Aboriginal inhabitants in 1836

The accounts of Matthew Flinders, Charles Sturt and other early explorers had shown the new province to be occupied by Aboriginal people, but their numbers, disposition and ways of life were almost entirely unknown in England. The British Colonial Office, keen to avoid the bloodshed that had accompanied the settlement of New South Wales and Tasmania, inserted in the Letters Patent a clause intended to secure the protection of the Aboriginal peoples’ rights to land, and forced the Colonization Commissioners to make other concessions, including the appointment of a Protector to safeguard Aboriginal interests in the new province.

Aboriginal people had occupied the land for at least 40,000 years. At the time the province was established there were about 40 ‘tribes’ across the state, each with its own distinct dialect and territory, but linked to its neighbours by intermarriage and ceremonial and trading links. The Aboriginal people who occupied the eastern shores of Gulf St Vincent lived in extended family groups or clans, each linked to a certain tract of country.  The early settlers referred to these clans as ‘the Adelaide tribe’, ‘the Willunga tribe’, ‘the Rapid Bay tribe’, ‘the Gawler tribe’ and ‘the Para tribe’.

Even before the establishment of the province, Aboriginal people in the south-east of the state had had contacts with outsiders. Sealing crews based on Kangaroo Island and other offshore islands since the 1820s had made occasional raids on coastal Aboriginal camps on the Fleurieu, Yorke and Eyre Peninsulas to kidnap women, who were taken back to the islands by the sealers.

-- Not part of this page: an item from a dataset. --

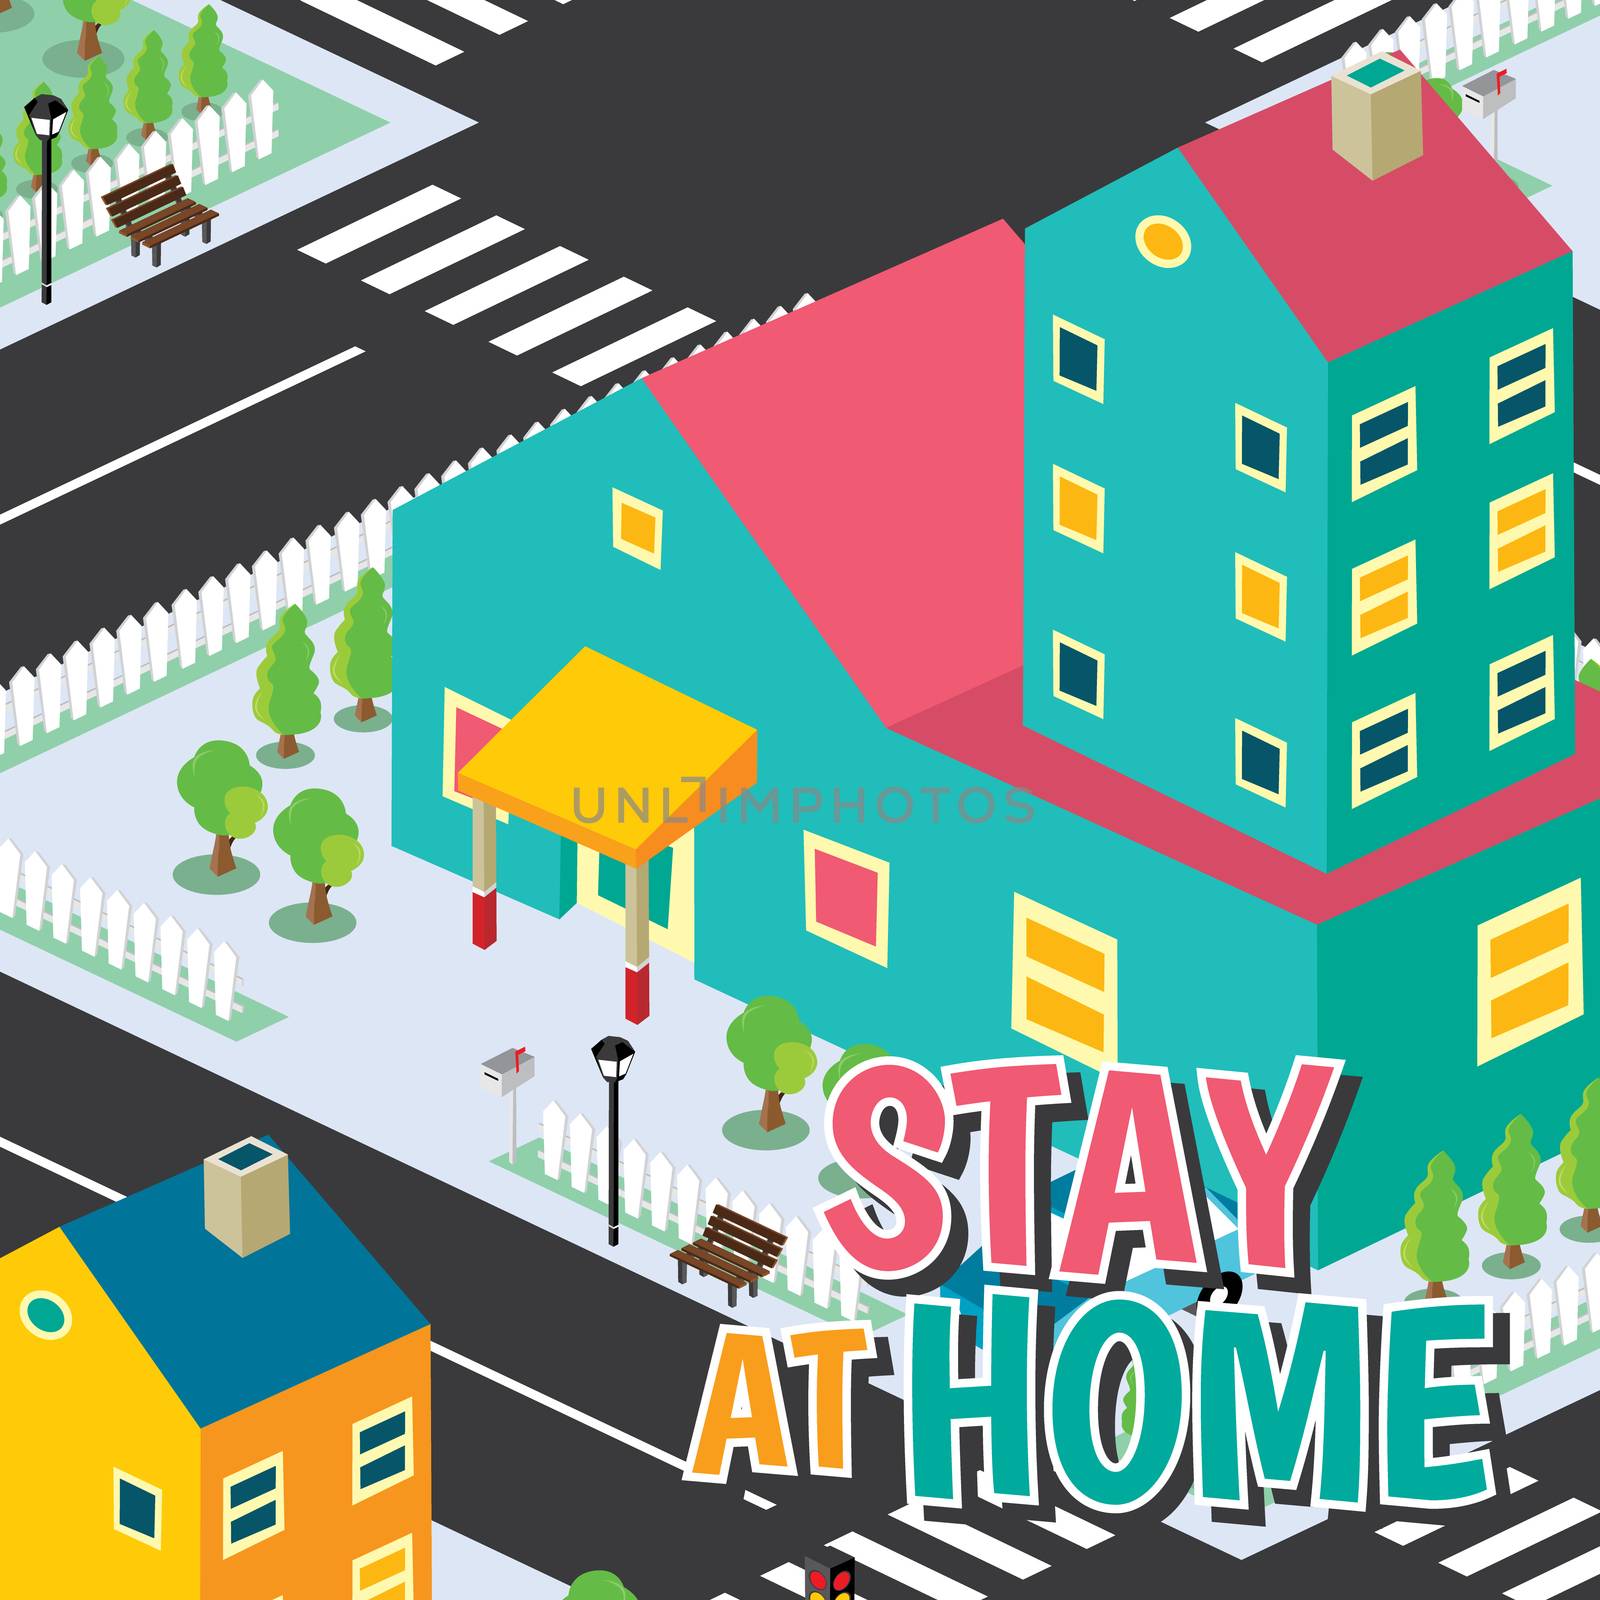 stay at home concept coronavirus quarantine illustration by vector1st

In about 1830 smallpox spread down the River Murray from the colonies in eastern Australia, and caused great loss of life among Aboriginal people all along the river to its mouth. The disease also spread to the Aboriginal tribes of the Adelaide Plains, Mid-North and Yorke and Eyre Peninsulas, and early settlers in those regions observed Aboriginal survivors of the epidemic who bore the distinctive pock-marked scars.

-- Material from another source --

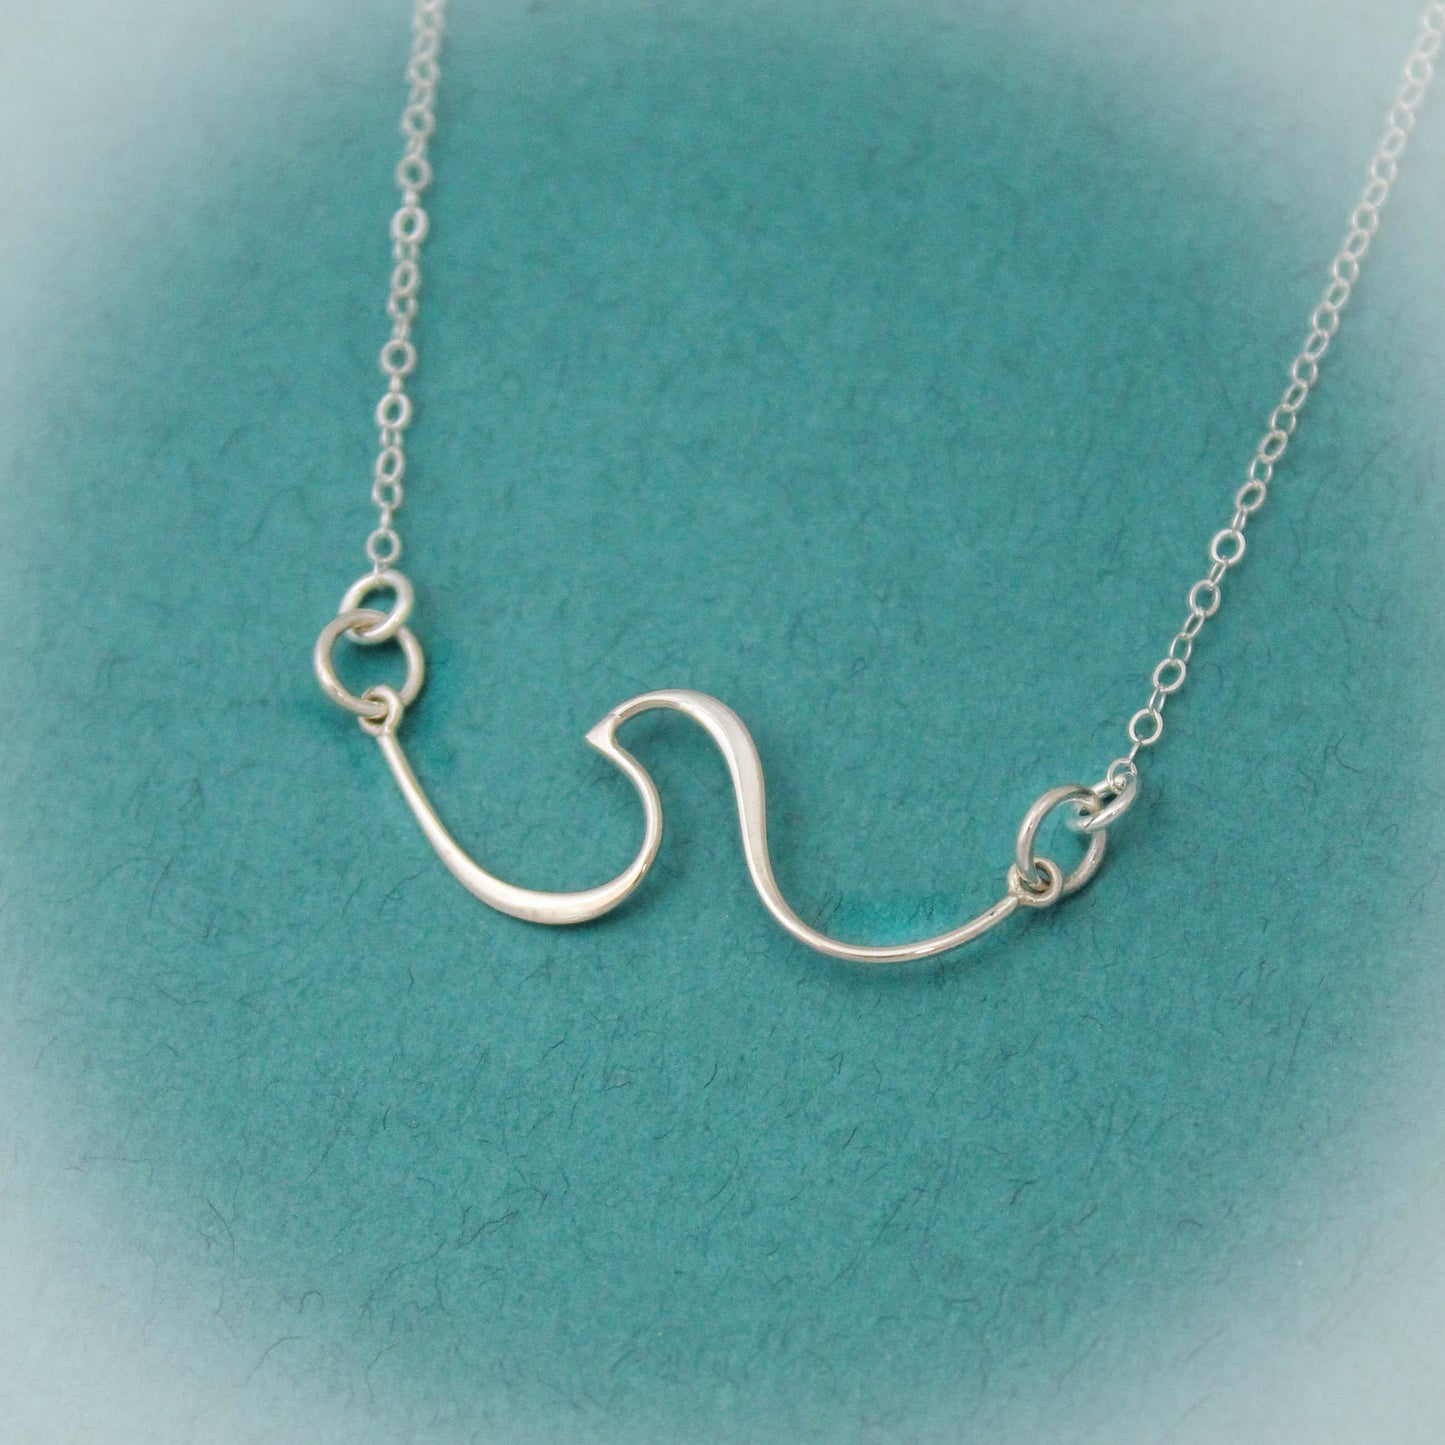 Minimalist Wave Necklace, Sterling Silver Ocean Wave Necklace, Make Waves Jewelry, Wave Bar Necklace, Sterling Silver Beach Bar Necklace

Estimates of the total Aboriginal population of the area which became South Australia range from about 10,000 to 20,000 people. Approximately two-thirds of these people lived in the more fertile south-eastern part of the state, including the Adelaide Plains and nearby ranges, the River Murray, the Coorong and the South-East. Several early reliable sources suggest that the Aboriginal groups on the plains between Gawler and Myponga numbered about 300 people in total.